Tuesday 13 October 2015

Visual Studio 2015, ICU, and error LNK2005

I'll begin by saying that I'm just going to ignore the fact that I haven't written anything in nearly nine months.

So...

While building ICU 56.1 with VS 2015, I was greeted with thousands of errors like this (also described here by someone who came across the same problem):

error LNK2005: "public: static bool const
std::numeric_limits<unsigned short>::is_signed"
(?is_signed@?$numeric_limits@...@std@@2_NB) already defined in
ParagraphLayout.obj

This is defined in <limits>, in a statement like this:

_STCONS(bool, is_signed, false);

Looking at the pre-processor output, we can see its actual definition:

static constexpr bool is_signed = (bool)(false);

If I understood the Standard correctly, this should be OK, and there should be no duplicate symbols during linking.

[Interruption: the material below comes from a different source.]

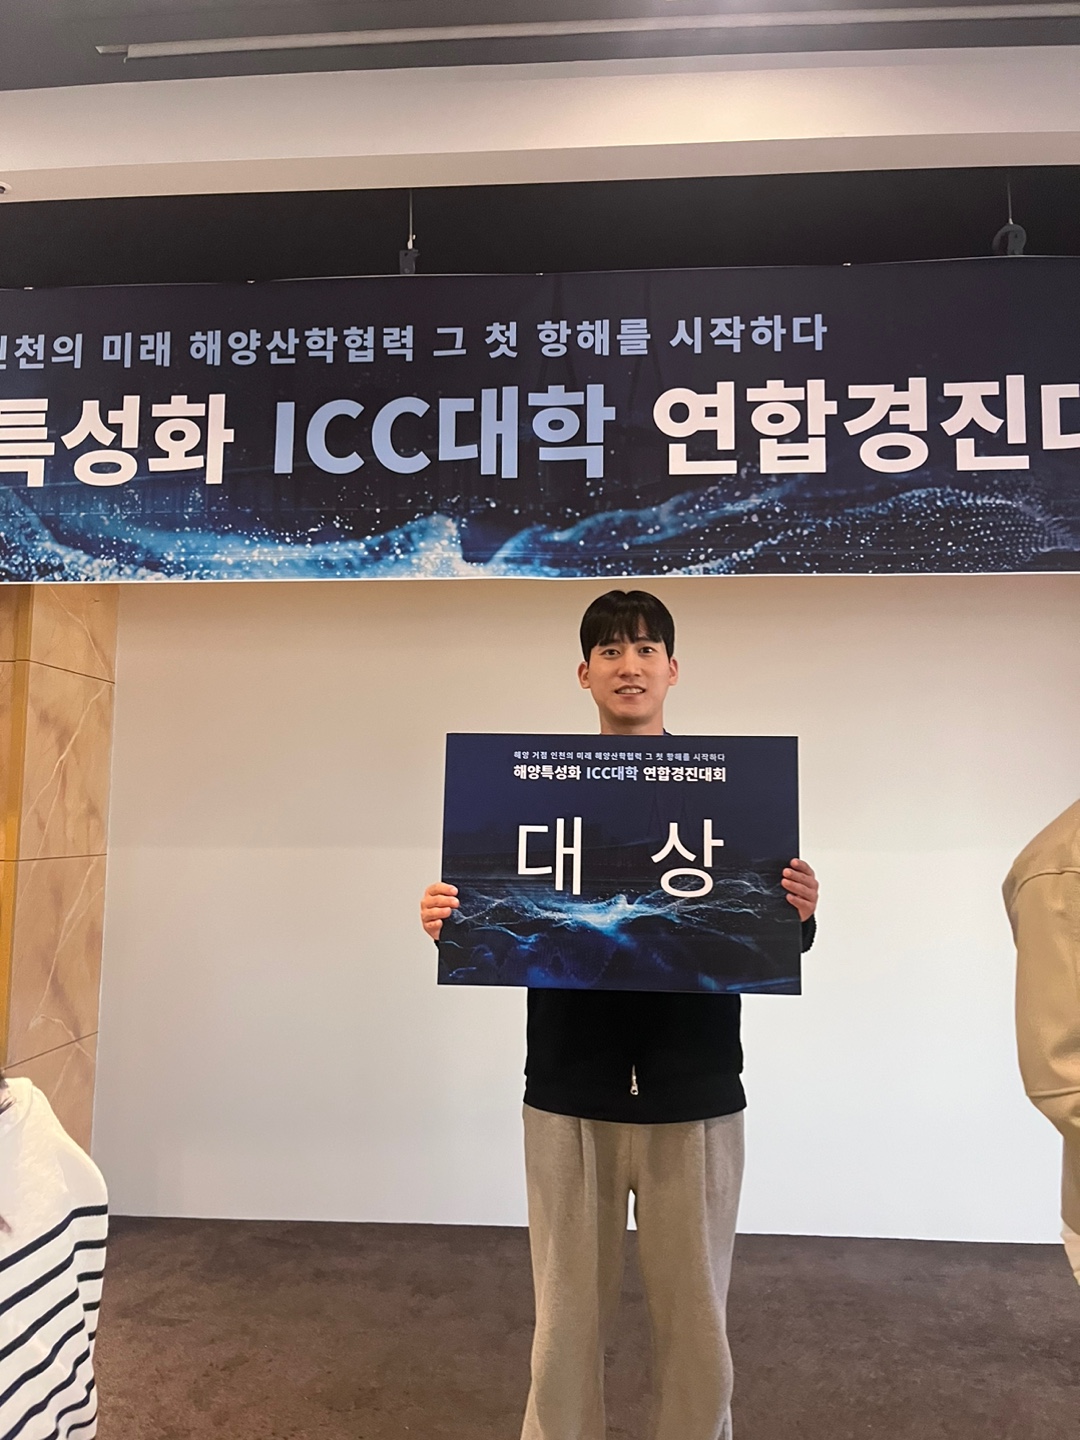 최성락 학생 '인천시 해양쓰레기와 관광산업연결' 주제로 발표하여 대상(총장상)을 수상

So, I was still missing a logical cause for this.

The usual internet search for «ICU LNK2005» didn't bring anything useful, except for the link above.

Then, as I concentrated my search on LNK2005, I came across this post. The same mysterious behaviour, but now there was a plausible explanation, in a comment by MS's Stephan T. Lavavej, in a quoted post from an MSDN blog:

We recommend against using /Za, which is best thought of as "enable extra conformance and extra compiler bugs", because it activates rarely-used and rarely-tested codepaths. I stopped testing the STL with /Za years ago, when it broke perfectly conformant code like vector<unique_ptr<T>>.  
That compiler bug was later fixed, but I haven't found the time to go re-enable that /Za test coverage. Implementing missing features and fixing bugs affecting all users has been higher priority than supporting this discouraged and rarely-used compiler option.

So, after removing /Za from all projects in ICU's allinone VS Solution (Project Properties -> Configuration Properties -> C/C++ -> Language -> Disable Language Exceptions -> No), I was able to build it with no errors, on all configurations (x86/x64, debug/release).

Apparently, it's one of those rare cases where the error is actually in the compiler, not in the code.